I wish there was more people like you! Shop opened at 10am today and there was people queuing outside from 9.45am!


----------



## simonthepieman (Jun 11, 2012)

I work in sales for an extremely successful high growth niche it company.

Pays well, cool perks, good life style but can be chaotic with so much change and expectations are high.


----------



## SelflessSelfie (May 25, 2014)

Business Performance ANALyst.

I get, display and ANALyse data.


----------



## the.indian.guy (Mar 2, 2015)

scot-ish said:


> you know many brits? Ryan Bowes?

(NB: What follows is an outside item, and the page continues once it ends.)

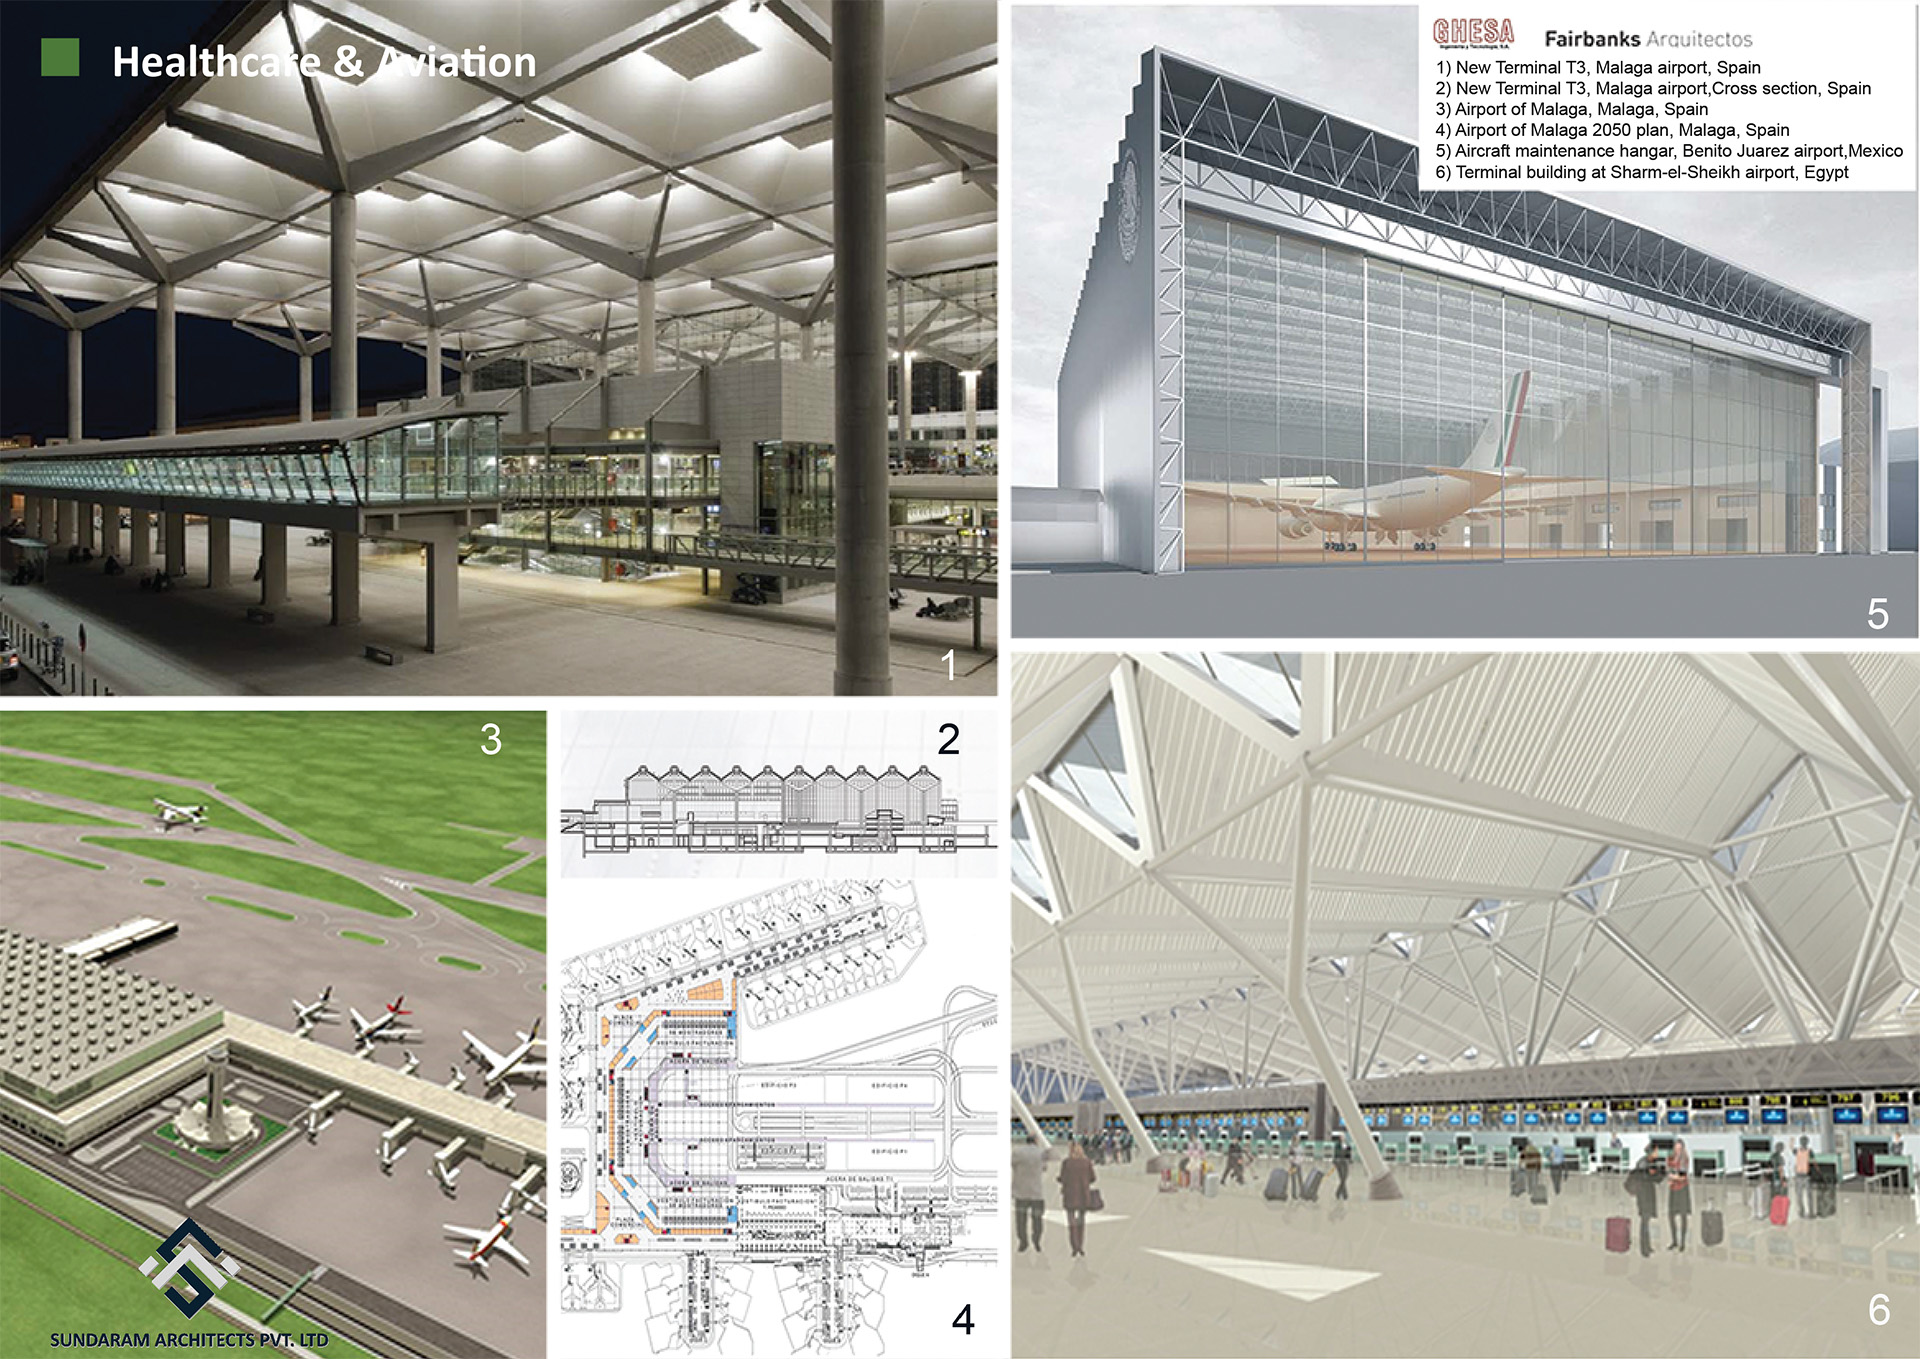 GHESA, Fairbanks Arquitectos - Healthcare & Aviation Design

I'm with Shell Upstream, Oil and Gas, but we've recently started involving STATSCO in our operations. prior to that i was Merchant.


i know some brits.My chief and captain were both brits on last vessel.They were awesome people to work with.

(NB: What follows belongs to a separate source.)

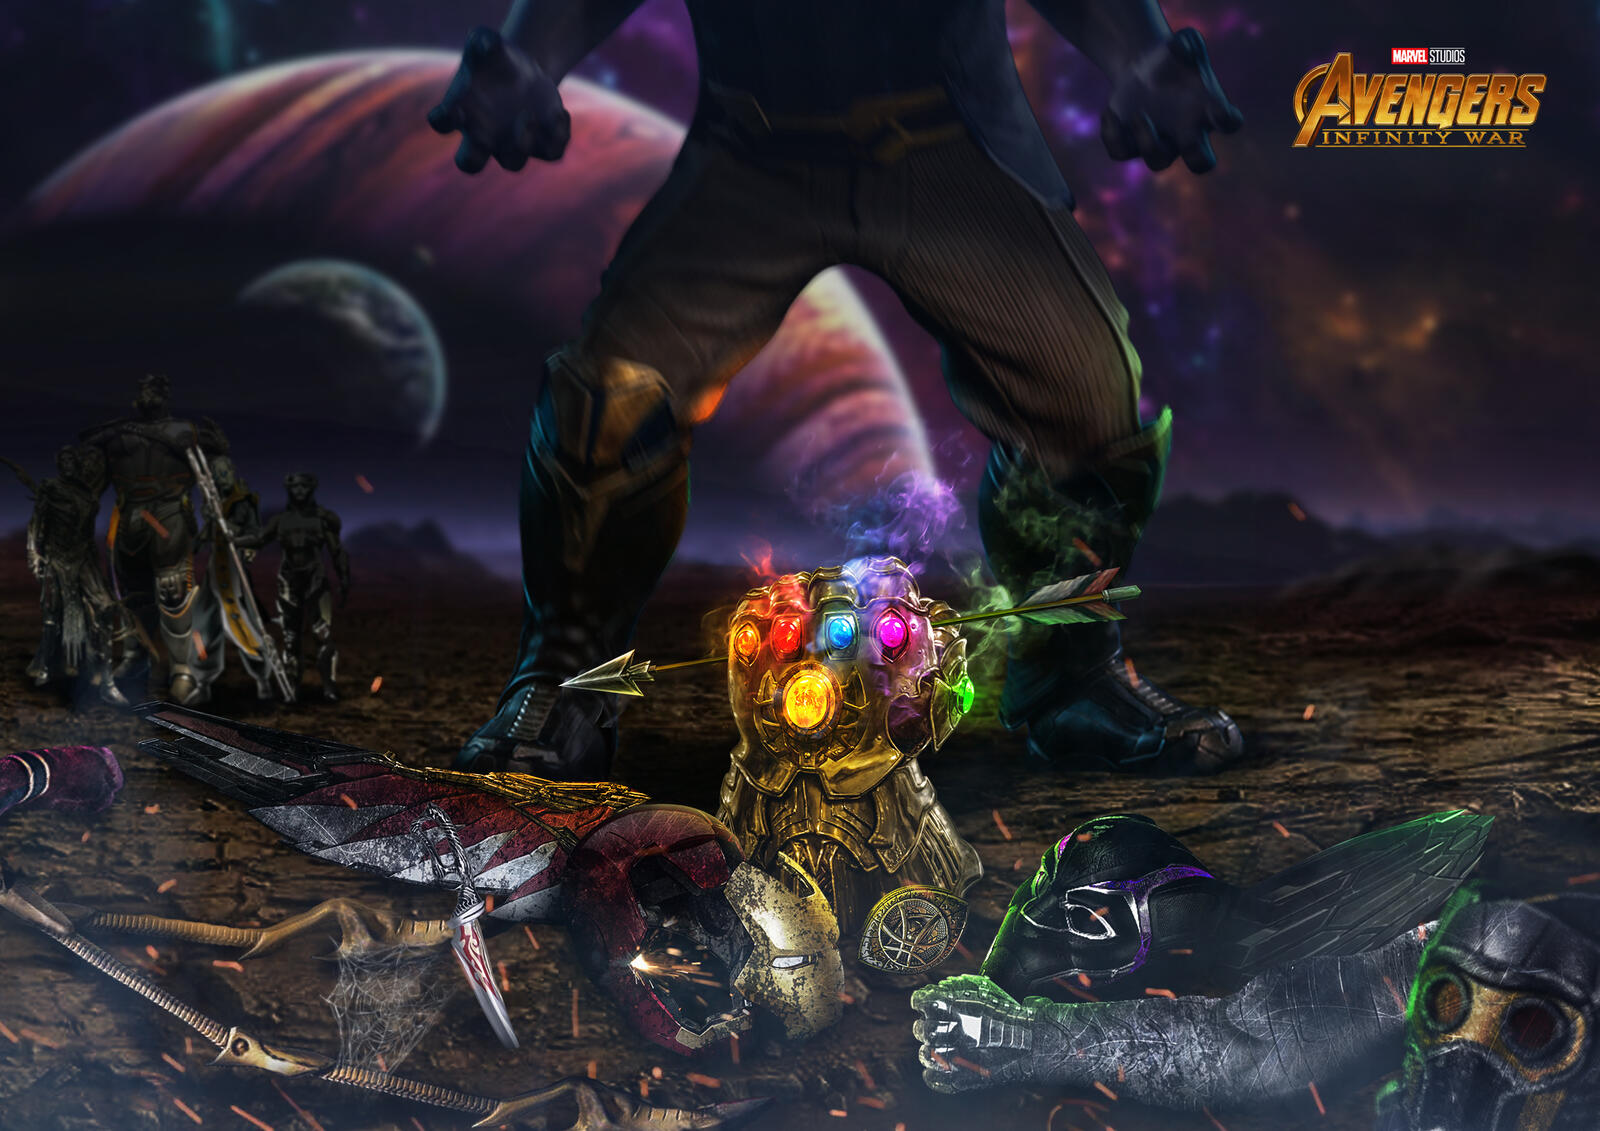 Wallpapers Avengers Infinity War superheroes rendering on the desktop

anyways..it seems like you are kind of my boss sitting in office . LoLZ

hey boss....whats up??


----------



## MBR (Feb 28, 2014)

Approved Mental Health Professional


----------



## Best.username (Mar 23, 2015)

Im a proffesional actor. Basically I pretend to have a severe disability, and get paid for.my fantastic acting skills from your taxes...cheers UKM I knew there was a reason a loved you all!


----------



## Mildo (Feb 11, 2015)

MBR said:


> Approved Mental Health Professional


Ride Hamsterley much? Glentress, Innerleithen?


----------



## MBR (Feb 28, 2014)

Mildo said:


> Ride Hamsterley much? Glentress, Innerleithen?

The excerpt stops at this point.